Will do, but now you mentioned you have the Stanley 3000 HID spotlight--how good do you find it to be ? I've read part of the long thread on it, but at some point I just gave up as there are many many pages. Many seemed to rave about it, but there's seem to be something wrong with the poor runtime. Is it that bad ? I'm interested but I'd need you input here, if that's ok.

Thanks


----------



## MattK (Jul 17, 2010)

Obviously i have some bias here but one should also consider parts/service when purchasing a product. 

If an L35 strains the budget you might consider an N30 or an Illuminator for less expensive options.

If you want something more compact the L30 is very bright & very compact.


----------



## Larbo (Jul 17, 2010)

If you want something to light up the yard with only 20-30 minutes of runtime the Stanley is tough to beat for only about $80. I have a Tactical HID 26 watt see https://www.candlepowerforums.com/threads/250869 thats a great light for $229, as far as the L35 if you can swing it get it, I have played with one and its awesome, mine should be here today or monday.
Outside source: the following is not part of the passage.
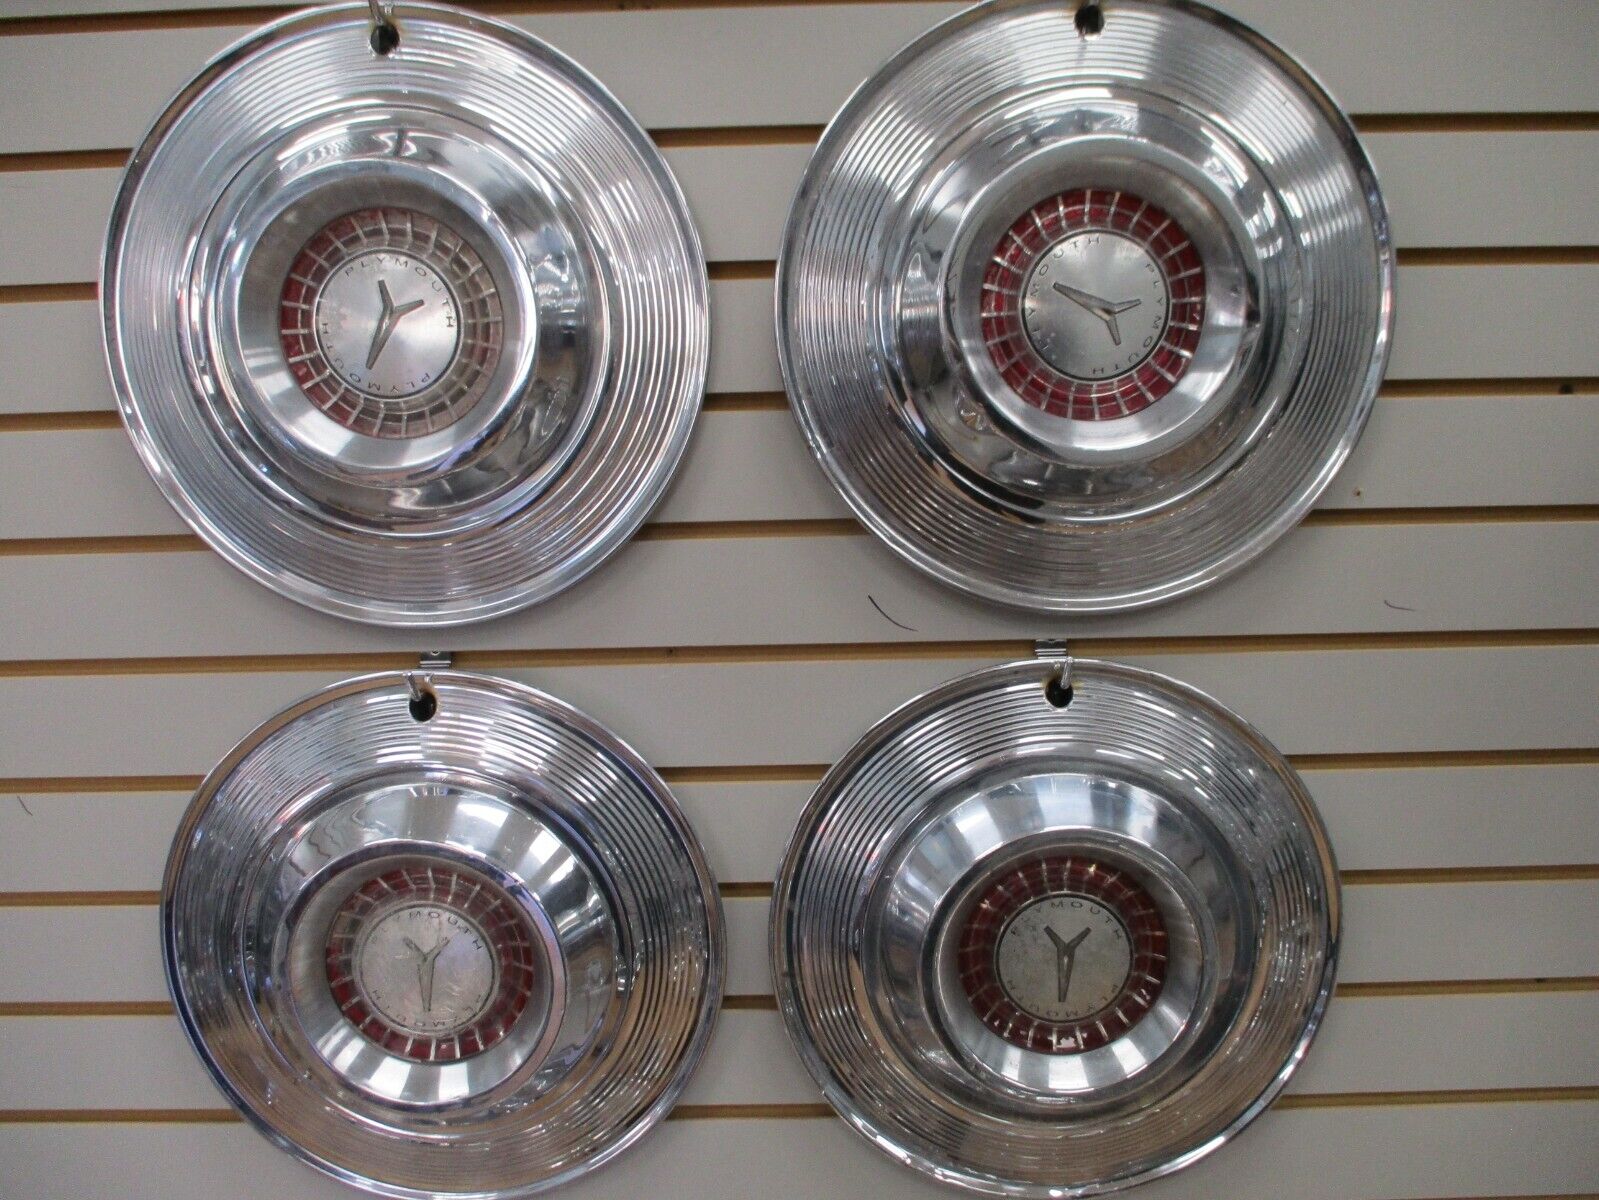 1964 PLYMOUTH BELVIDERE FURY Wheel Cover Hubcaps SET 64

My L35 arrived today, someone turn off the sun!


----------



## linty (Jul 17, 2010)

I purchased one of those 35w china flashlights, seems to work well, the machining is nice all over. It does seem to self drain if you leave the battery in the flashlight, so I keep the battery apart until I need to use it. The two "names" that I know of that frequent the cpf forums are the brands Oracle and Tactical (I think), although they are pretty much the same light as the ones on ebay someone pointed out.


----------



## MattK (Jul 17, 2010)

Larbo said:


> If you want something to light up the yard with only 20-30 minutes of runtime the Stanley is tough to beat for only about $80. I have a Tactical HID 26 watt see https://www.candlepowerforums.com/threads/250869 thats a great light for $229, as far as the L35 if you can swing it get it, I have played with one and its awesome, mine should be here today or monday.
> 
> My L35 arrived today, someone turn off the sun!



Cmon, admit it. You've already used it in the darkest room in your house....bathroom??

Enjoy!


----------



## Larbo (Jul 17, 2010)

MattK said:


> Cmon, admit it. You've already used it in the darkest room in your house....bathroom??
> 
> Enjoy!



How did you know???

Awesome torch! Thanks.:thumbsup:


----------